According to the researchers, the assay can distinguish real inhibitors of the mevalonate pathway from toxic compounds because cytosolic and/or nuclear localization of the GFP-CaaX reporter protein can be observed in cells with normal morphology. Only later, or with higher compound concentrations, is apoptosis or cell shrinkage detectable, the researchers said.
The Novartis team has developed a human osteosarcoma cell line that stably expresses a GFP-CaaX reporter protein, where the “C” in the motif refers to cysteine, the “a” refers to an aliphatic amino acid, and the “X” is typically a menthionine, serine, alanine, or glutamine in proteins being farnesylated, and leucine in proteins being geranylgeranylated. 
The cells express GFP with a C-terminal tail that gets prenylated and palmitoylated. These lipids target GFP to the plasma membrane.
Inhibitors of prenylation prevent this lipid modification, and thereby also prevent targeting of the GFP to the plasma membrane. After incubating for between 24 and 48 hours in the presence of such inhibitors, the newly synthesized, non-modified GFP accumulates in the cells, and the prenylated GFP gets degraded by the normal protein turnover. Localization of GFP in cells can be imaged with any cell imager, and the images can be analyzed with different software programs.
After nine days of selection with G418, the GFP-expressing osteosarcoma cells were enriched by fluorescence-activated cell sorting using the BD FACSCalibur. Cellular images were acquired using the IN Cell Analyzer 3000 from GE, and localization of the GFP-CaaX motif was analyzed using the Plasma Membrane Trafficking module of the IN Cell Analyzer using the D peak as a readout.
The authors validated their assay using several inhibitors of the mevalonate pathway and siRNA against farnesyl pyrophosphate synthase. To quantify the RNA, the researchers used Agilent Technologies’ RNA 6000 Nano LabChip kit. They performed quantitative PCR using the ABI Prism 7000 sequence-detection system from Applied Biosystems.
Until recently, cell-based assays to study protein prenylation have been tedious and low-throughput. “I think most people know what it means to analyze several samples with Western blotting: You need relatively large amounts of cells, and you need to prepare a minimum of a whole cell lysate,” Marjo Simonen, lab head of discovery technologies at Novartis, told CBA News this week in an e-mail.
She said that for some applications, a researcher must fractionate the cells, run the gels, blot them, treat the blots with antibodies, and in the end, use some method for visualization of the bands.
In addition, the intensity of the bands must be quantified with a scanner. “This requires several steps, is slow and semi-quantitative, and limits the number of samples that can be analyzed per gel,” Simonen said.
The mevalonolactone assay requires a change of medium and a centrifugation step to separate the membrane fraction from the rest.

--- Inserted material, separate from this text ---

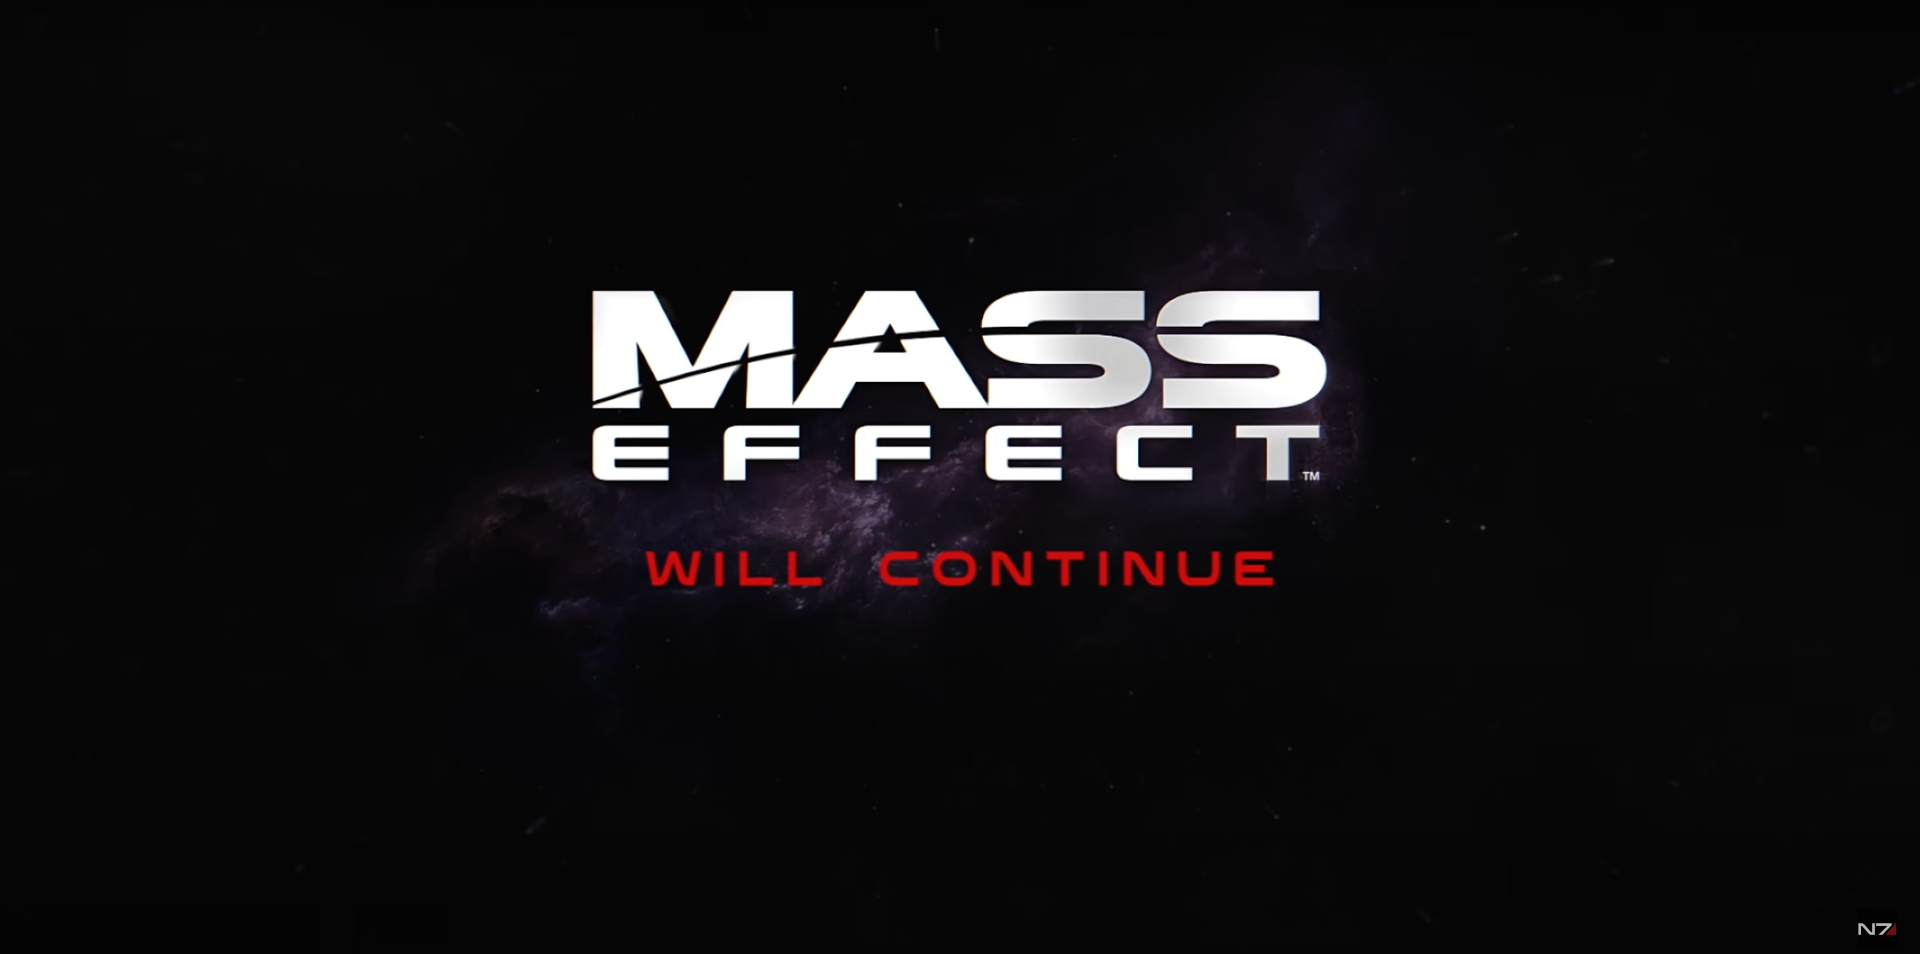 Mass effect 4

These are not yet automated processes. In addition, radioactive chemicals are required, which, as Simonen put it, “we want to avoid whenever possible.”
The luciferase reporter assay was not yet published when the investigators at Novartis started developing their imaging assay, said Simonen. Once it was published, they did not have access to the appropriate cell line, and generating a similar cell line would have taken a relatively long time. Moreover, Simonen said, “We prefer the imaging assay, since seeing the cells provides so much more information.”  
The use of this assay in primary screening for propoptotic inhibitors would require more sophisticated image-analysis tools, the investigators said. Simonen said her team plans to use other image-analysis software to distinguish the truly active compounds from the “toxic only” compounds. “This should be doable with the Developer software from GE,” she said.